I figured it would be top end, so are we talking 700 US dollars or 1000? I'm really considering one, but need to budget just a bit...


----------



## GRAY Archery (Dec 1, 2016)

More along the lines of the 700 mark, 1000 dollars is a lot of money.


----------



## calbowdude (Feb 13, 2005)

Oh now that's definitely getting into my budget, I'm very very intrigued to see more!


----------



## GRAY Archery (Dec 1, 2016)

All in good time everyone.
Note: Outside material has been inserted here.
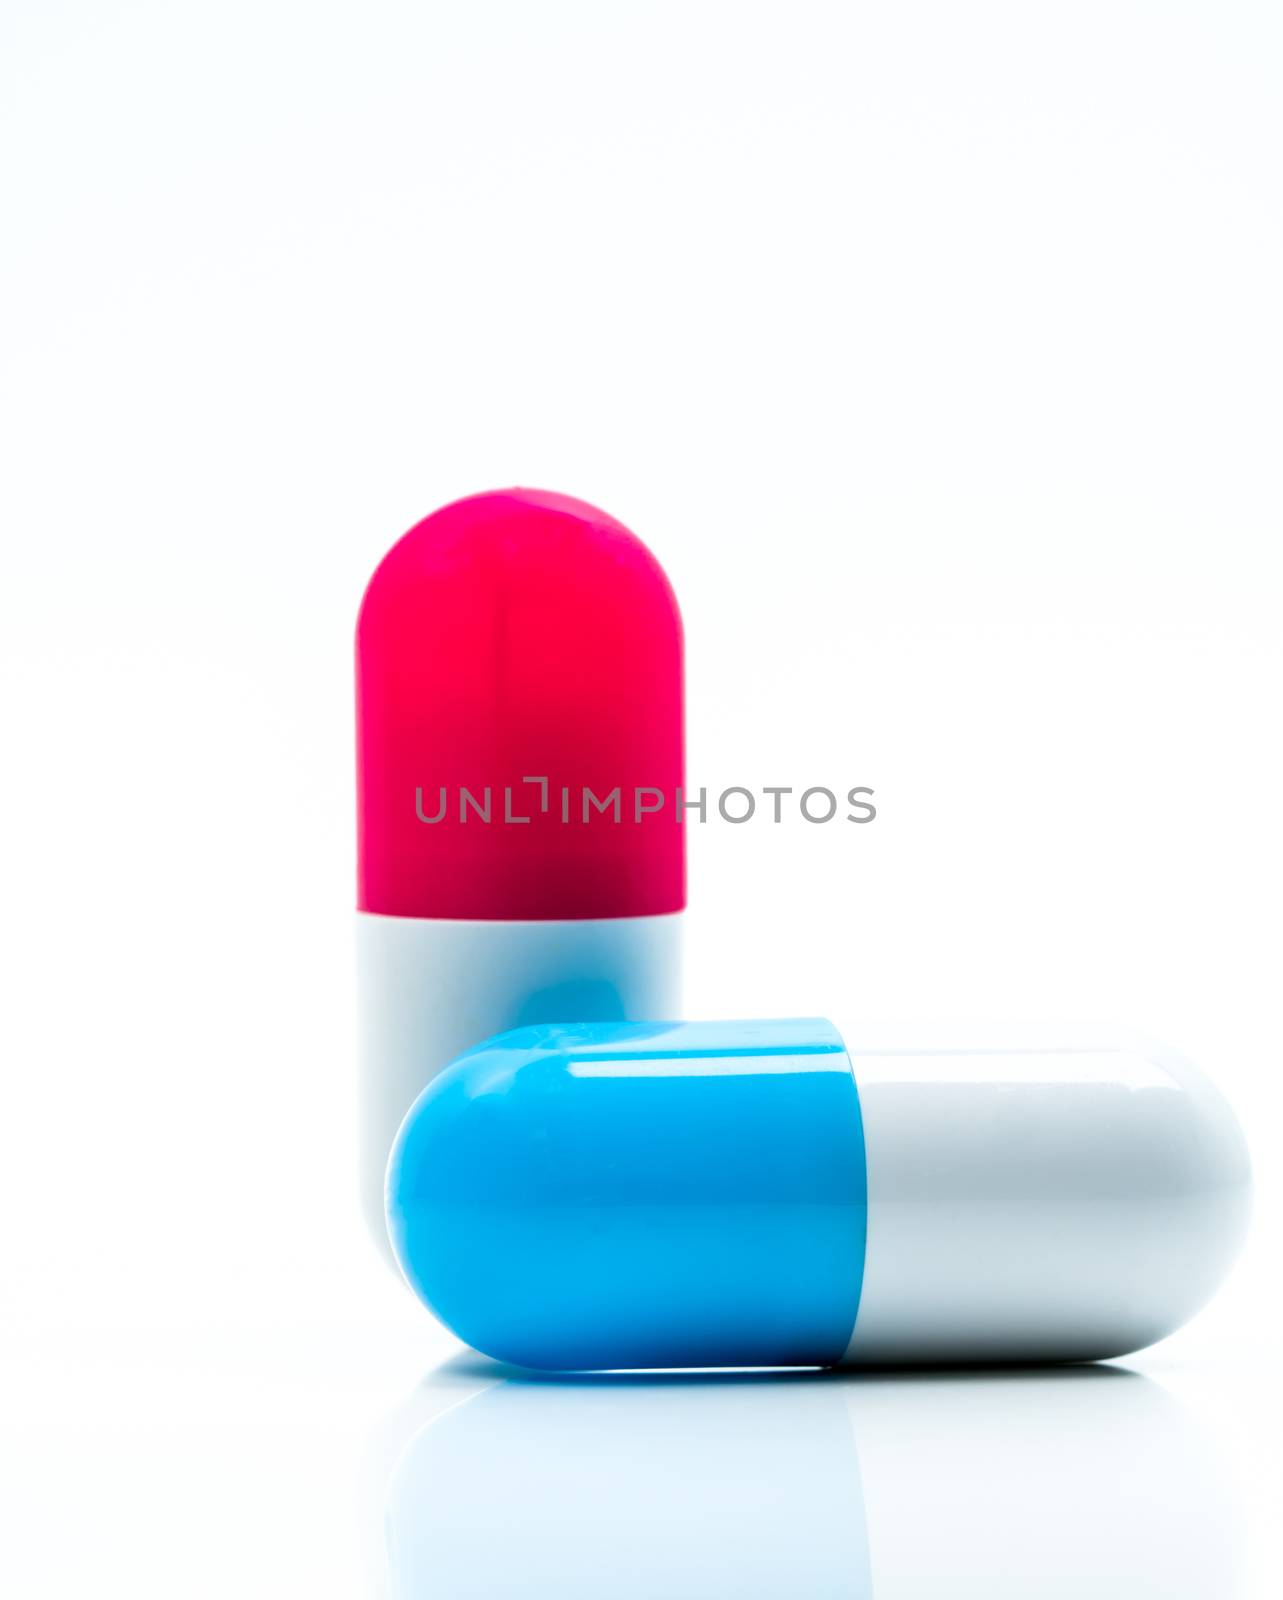 Two capsule pills isolated on white background. Global healthcare concept. Pharmacy sign and symbol. Pharmaceutical industry. Pharmacy background. Global healthcare concept. Antibiotic or antimicrobial drug resistance. Health budgets and policy. Blue-white and red-white antibiotic capsule.

And Ryan there will be more pics soon....


----------



## theminoritydude (Feb 11, 2013)

Make one in Dark Chocolate


----------



## GRAY Archery (Dec 1, 2016)

theminoritydude said:


> Make one in Dark Chocolate


Again we are being different here for a good reason so no solid bright colors.....


----------



## GRAY Archery (Dec 1, 2016)

And here you go, another teaser pic specially for you Ryan.


----------



## theminoritydude (Feb 11, 2013)

Progressively offset lower half?


----------



## GRAY Archery (Dec 1, 2016)

theminoritydude said:


> Progressively offset lower half?



You are correct, that was not an easy one.....


----------



## GRAY Archery (Dec 1, 2016)

So we are at the surface treatment stage and we have decided to go for a matte finish, this is after some Vapour blasting and we are looking forward to the results.


----------



## Montalaar (Jan 26, 2008)

Looking great!


----------



## GRAY Archery (Dec 1, 2016)

Well here is a sneak peak of the finish that we are going for.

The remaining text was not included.